Pandas Load Time: 0.8021409511566162


In [21]:
#Load with PySpark

In [22]:
start = time.time()
df = spark.read.csv("/content/ecommerce_sales_200k.csv", header=True, inferSchema=True)
end = time.time()

print("PySpark Load Time:", end - start)


PySpark Load Time: 2.6401350498199463


This shows that Pandas loaded the dataset in 0.80 seconds, while PySpark required 2.64 seconds.PySpark is designed for scalability — it can efficiently process millions of rows by dividing data into multiple partitions and executing tasks in parallel. Pandas cannot scale beyond memory, while PySpark can.

In [24]:
#Pandas GroupBy Time
start = time.time()
pdf.groupby("product_category")["price"].sum()
end = time.time()

print("Pandas GroupBy Time:", end - start)

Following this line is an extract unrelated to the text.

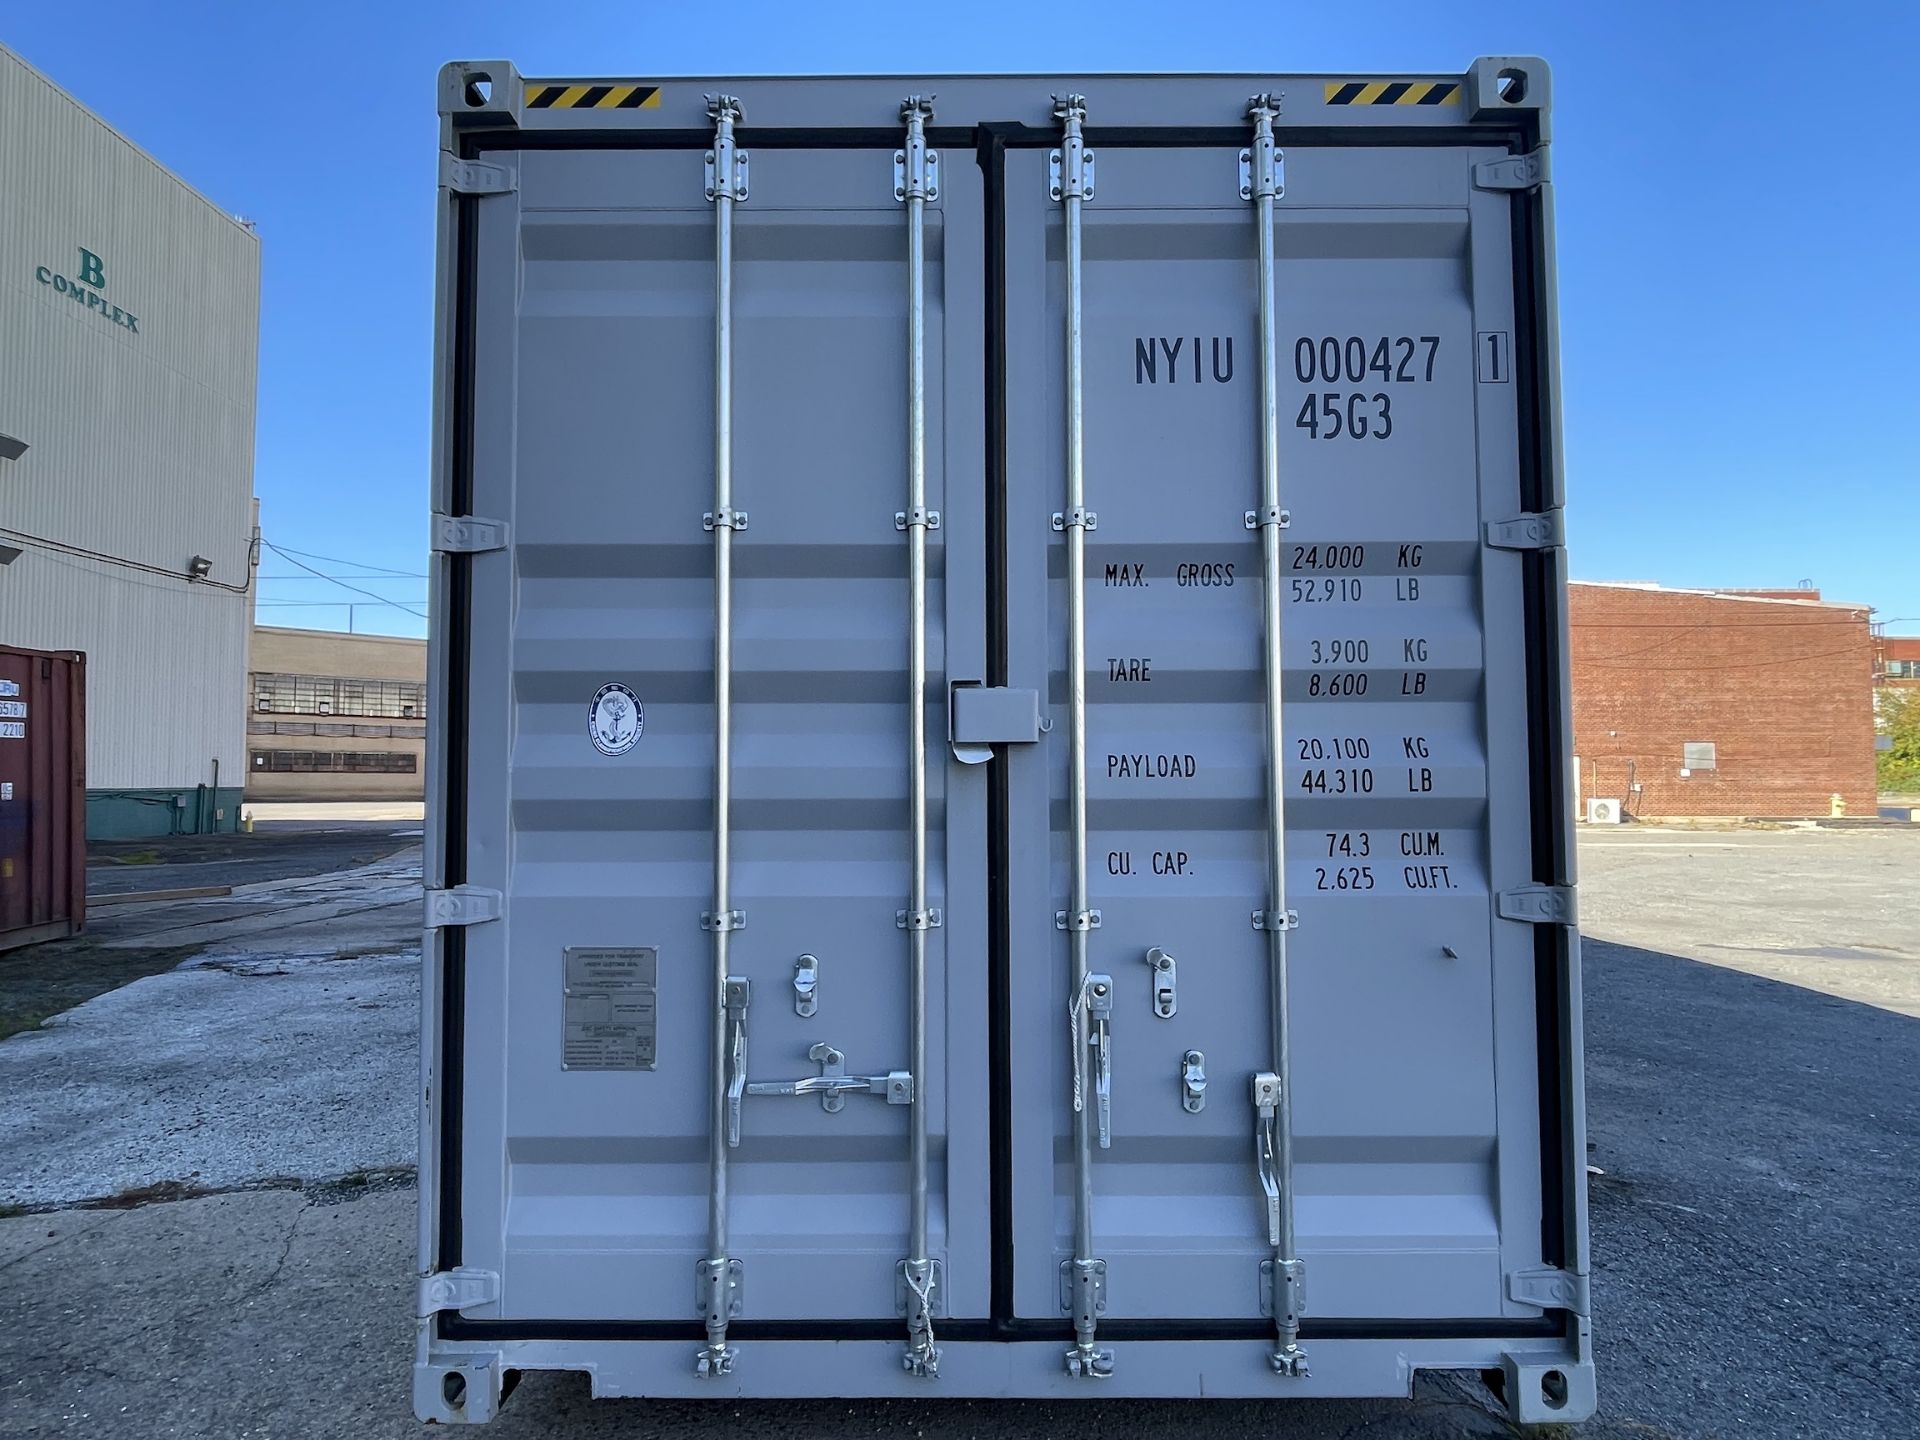 Brand New 40ft 2 Side Door Storage Container (NY127) - Image 4 of 12

Pandas GroupBy Time: 0.05921053886413574


In [25]:
#pyspark group by time
from pyspark.sql.functions import sum

start = time.time()
df.groupBy("product_category").agg(sum("price")).collect()
end = time.time()

print("PySpark GroupBy Time:", end - start)


PySpark GroupBy Time: 2.2891788482666016


###scalability analysis

In [26]:
#number of Spark partitions
df_clean.rdd.getNumPartitions() ### very low parallelism


2

In [27]:
##Increase partitions to 16
df_re = df_clean.repartition(16)
df_re.rdd.getNumPartitions()


16

In [28]:
##distributed GroupBy
from pyspark.sql.functions import sum
import time

start = time.time()
df_re.groupBy("product_category").agg(sum("total_amount")).collect()
end = time.time()

print("Distributed GroupBy with Repartition Time:", end - start)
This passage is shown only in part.